» **EXERCISE DESCRIPTION**: Copy every line of the data that contains the string "sweet".

» **COLLECTED MATERIAL**:
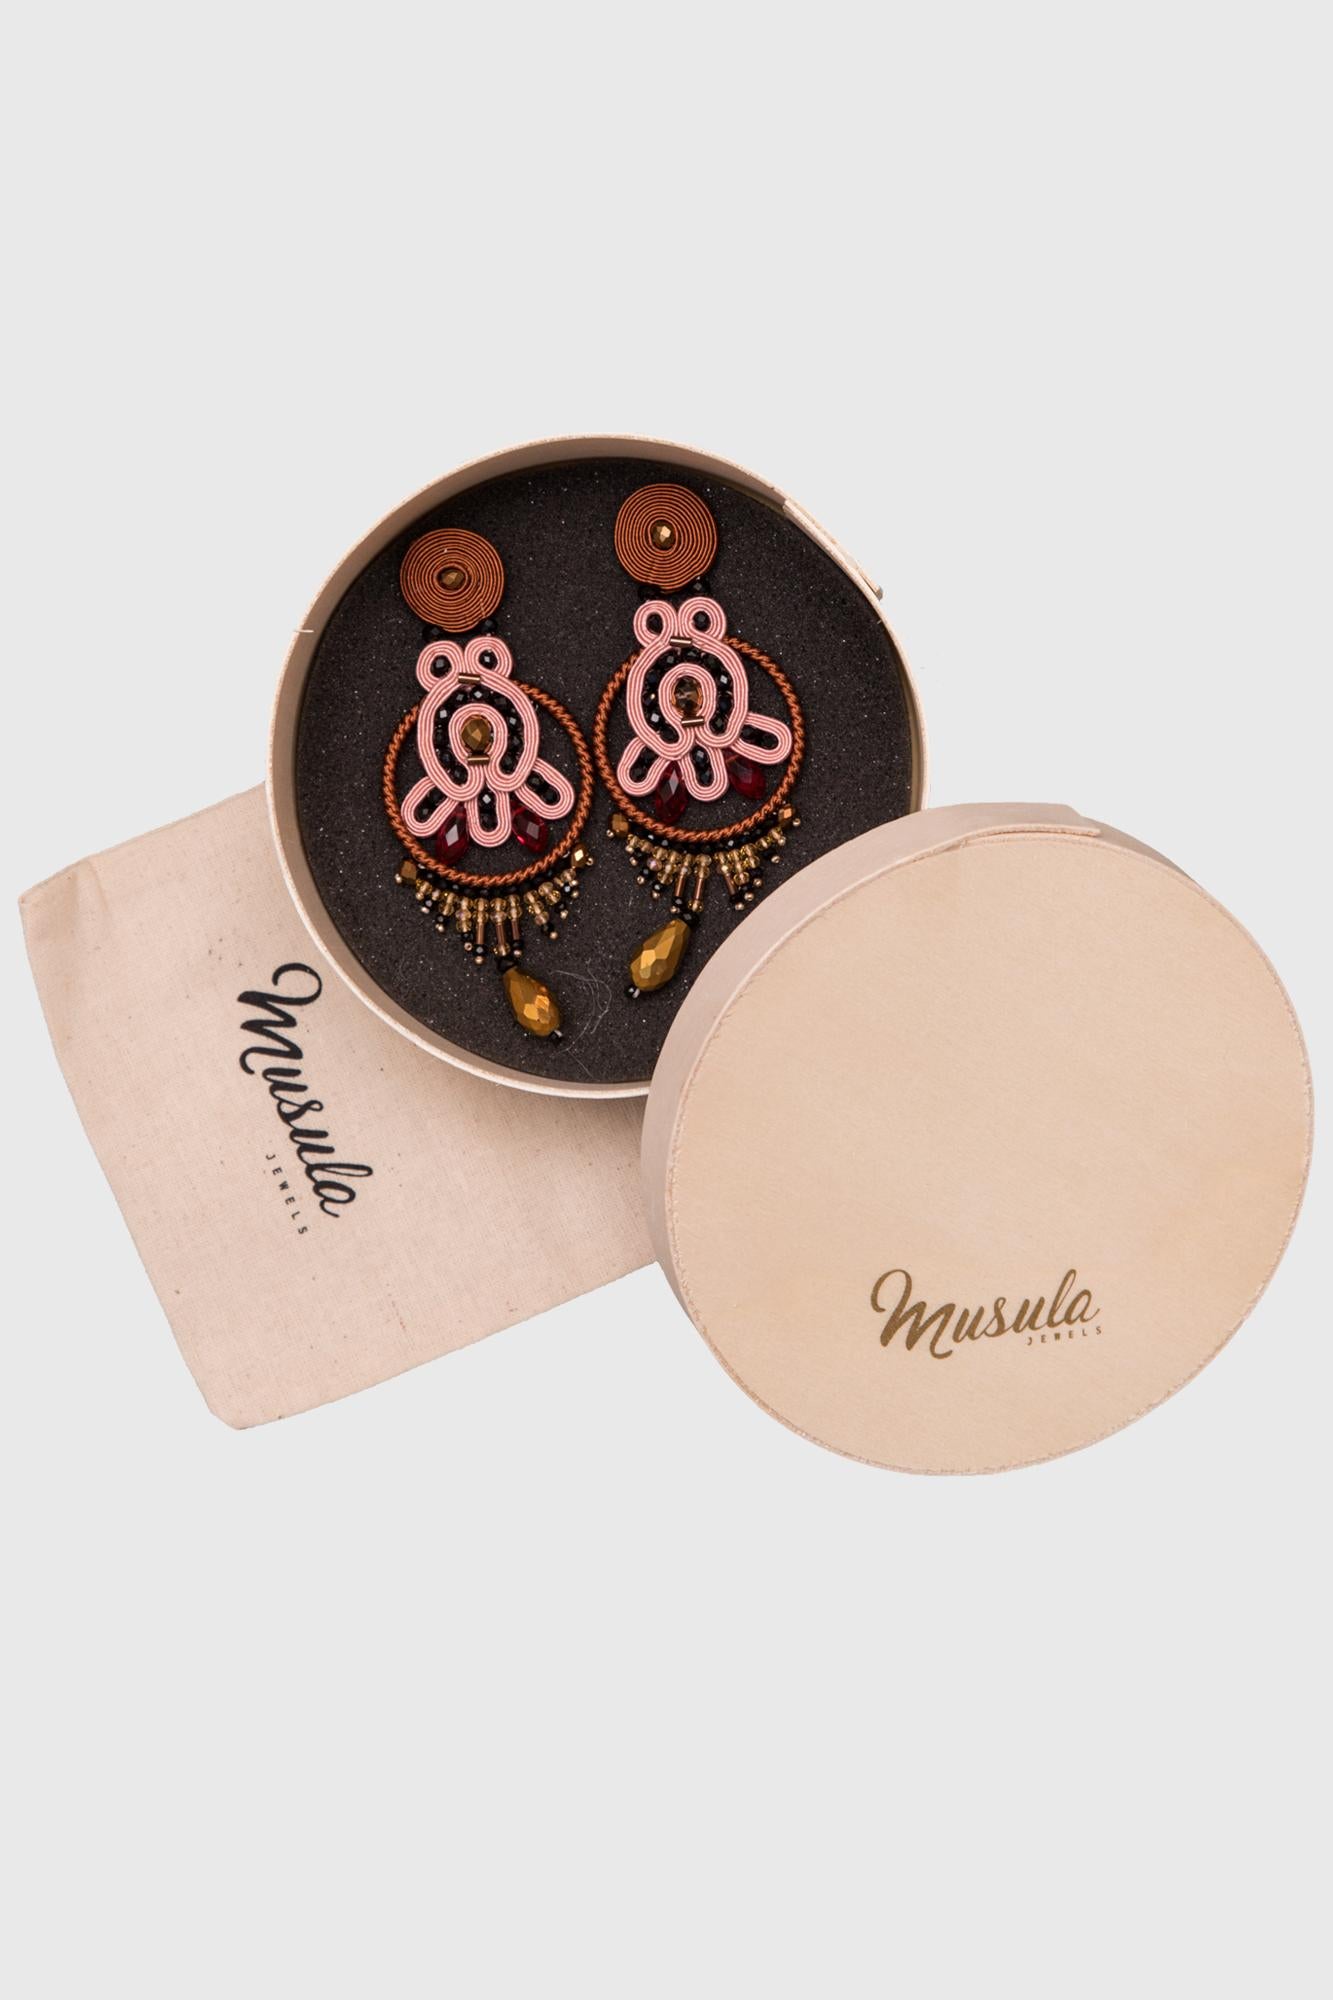 Musula La Patisserie Saint-Honoré Fraise Earrings
La Patisserie Collection is a special homage to sweet lovers
Musula in the Fall collection 2021 wants  to pay tribute to the sweet and delicate Pastry world. Pastries have been always a must at our

» **ANSWER SECTION**:
La Patisserie Collection is a special homage to sweet lovers
Musula in the Fall collection 2021 wants  to pay tribute to the sweet and delicate Pastry world. Pastries have been always a must at our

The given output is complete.